Occult or hidden hepatitis B virus (HBV) infection was strongly linked to HIV-related immune suppression in a cohort of US women, but occult hepatitis C virus (HCV) infection was rare, according to a presentation on Thursday at the XVII International AIDS Conference.
Occult infection refers to persistent HBV or HCV infection without typically detectable serological markers (antigens or antibodies in the blood). Such infections can be identified by directly testing for viral genetic material (HBV DNA or HCV RNA). Due to differences in definitions and testing methods, various studies have estimated the prevalence of occult HBV at 0% to 89%, and the prevalence of occult HCV at 0% to 13%.
Lynn Taylor from Brown University and colleagues sought to assess the prevalence and explore the relationship between HIV infection and occult hepatitis. They conducted a retrospective analysis of data collected between 1993 and 2000 from 549 HIV-positive and 296 at-risk HIV-negative women in the HIV Epidemiology Research Study (HERS) cohort.
Occult HBV was defined as persistent HBV DNA in the blood without detectable hepatitis B surface antigen (HBsAg), while occult HCV was defined as detectable HCV RNA with undetectable antibodies against the virus at two time-points six months apart.
Multiple time-points were used to differentiate between occult infection and either the acute stage of HBV or HCV infection—before the immune system produces enough antibodies to register on the test and before HBsAg becomes detectable—or else HBV clearance with loss of HBsAg.

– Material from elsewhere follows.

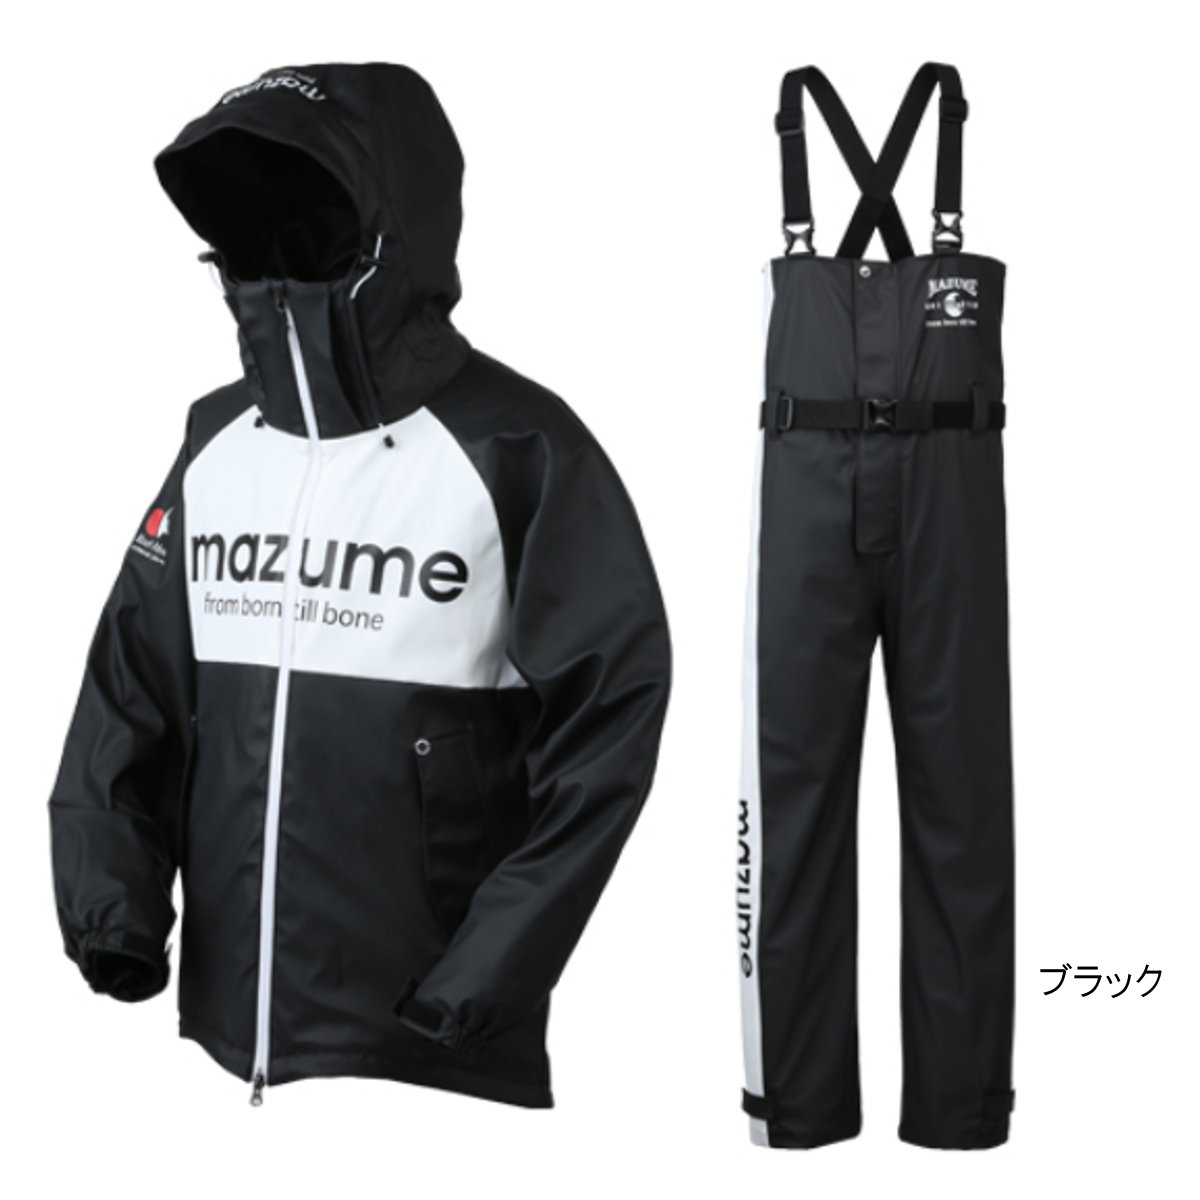 【ついに再販開始!】 mazume mazume ROUGH WATER レインスーツ II MZRS-383 MZRS-383 ブラック M ブラック, モンストラ-ダ:fc56e81f --- canoncity.azurewebsites.net

At the baseline study visit, the researchers screened the women for HBsAg (detectable in 2.6%), hepatitis B core antibodies (positive in 52%), and HCV antibodies (positive in 54%).
At the second time-point, they measured HBV DNA and HCV RNA using the ultrasensitive Roche COBAS TaqMan nucleic acid assay, with a limit of detection of 15 IU/mL for HBV and 11 IU/mL for HCV. At the third time-point, they again measured both serological markers and HBV DNA and HCV RNA.

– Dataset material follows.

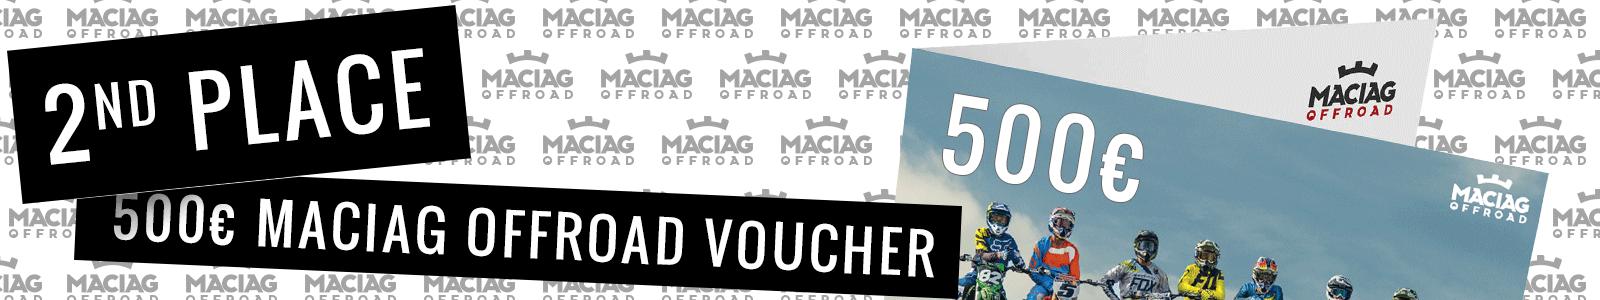 2nd Place MACIAG OFFROAD voucher

Among the women initially classified as having occult hepatitis B, some progressed to chronic infection (suggesting that the earlier visit had caught them during the acute stage) and some spontaneously cleared the virus, leaving 26 (3.2%) with persistent occult HBV by the final visit. Looking only at the HIV-positive women, however, the rate of persistent occult HBV infection was 4.7%.

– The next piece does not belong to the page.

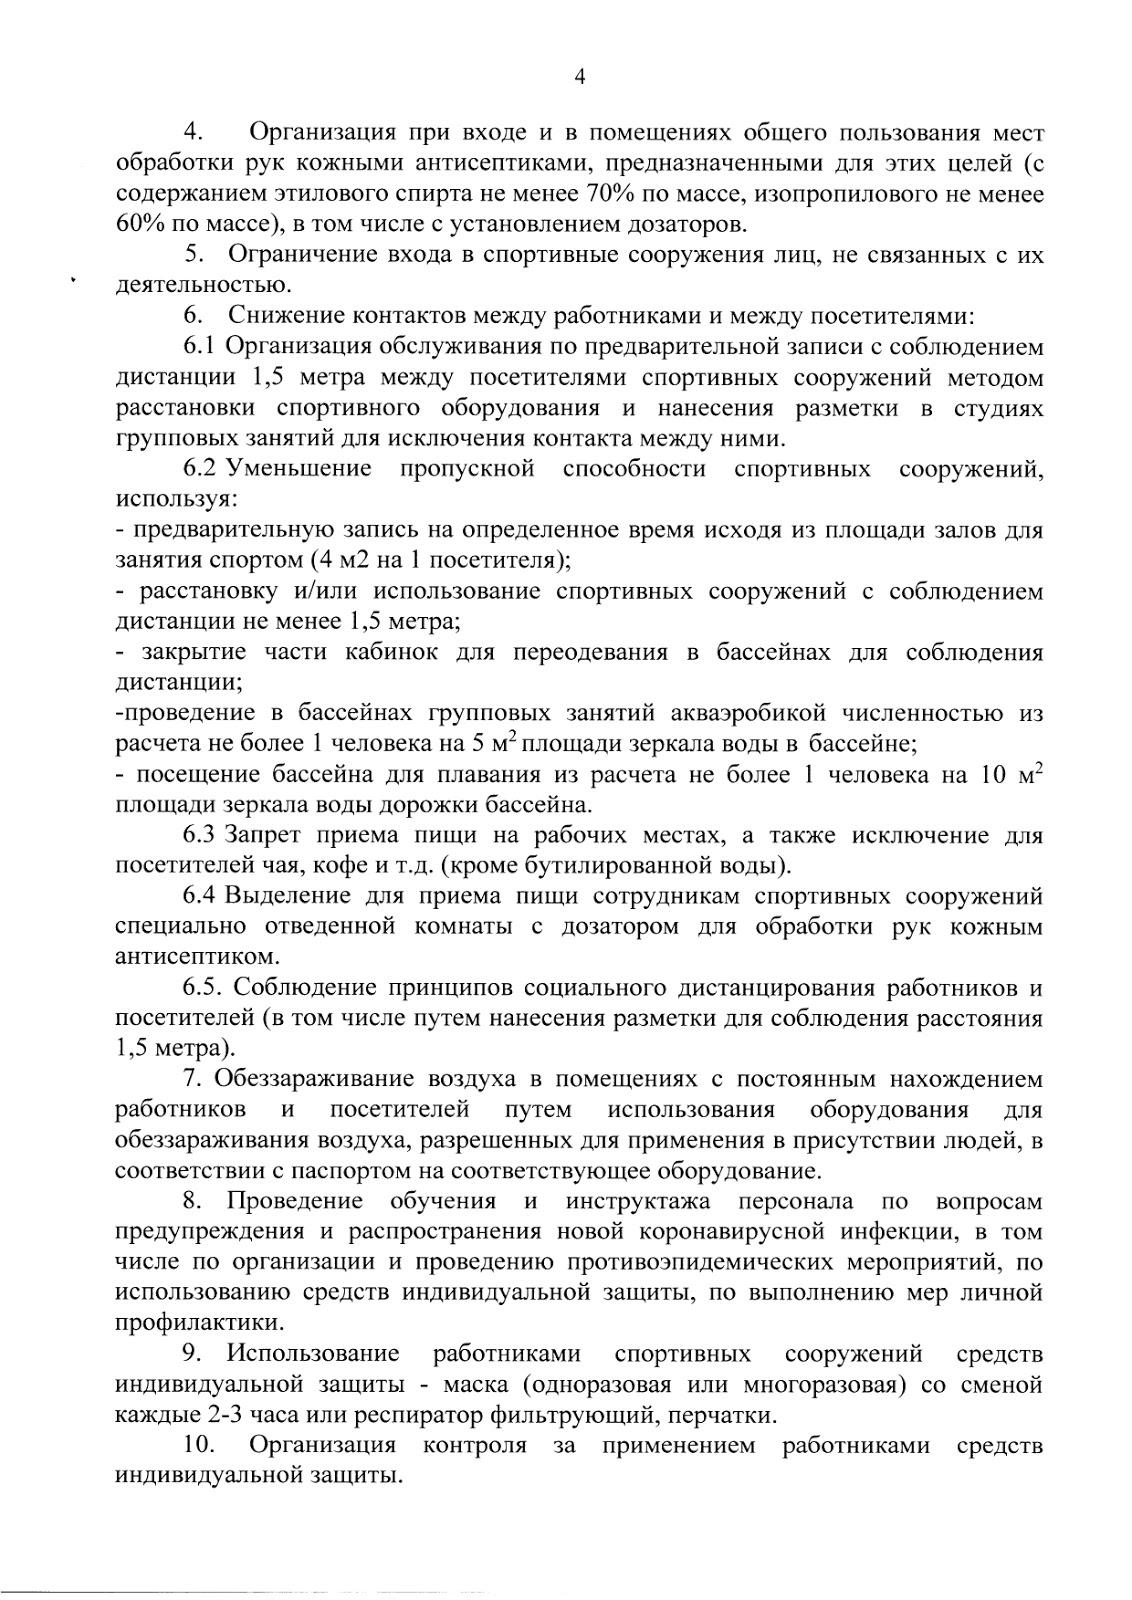 Рекомендации Роспотребнадзора для Фитнес-клубов 2

All of the women with occult HBV were HIV-positive, compared with 79% of those with chronic HBV and 69% who were exposed but cleared the virus. Women with occult HBV infection were significantly more likely than chronically infected women to have a history of injection drug use (88% vs 57%) and to also be infected with HCV (88% vs 43% for HCV antibodies; 77% vs 29% for HCV RNA).
In an analysis of just the HIV-positive women, those with occult HBV had a lower CD4 cell count (205 vs 326 cells/mm3) and a higher HIV viral load (36,725 vs 4,480 copies/mL) than those who had evidence of HBV exposure but cleared the virus. Women with occult HBV were also more likely to currently inject drugs (54% vs 32%) and to drink alcohol heavily (23% vs 9%).
None of the women whose antiretroviral regimen included 3TC (lamivudine; Epivir)—which is active against HBV as well as HIV—had detectable HBV DNA.
Occult hepatitis C was found to be much less common than occult hepatitis B. Of the 33 women initially classified as having occult HCV infection, 24 developed chronic infection, eight cleared the virus, and only one had persistent occult HCV.
The researchers concluded that occult HBV infection is associated with HIV infection and may be a particular problem for women with poor control of HIV. While chronic HCV infection was common in this cohort, occult HCV infection occured rarely.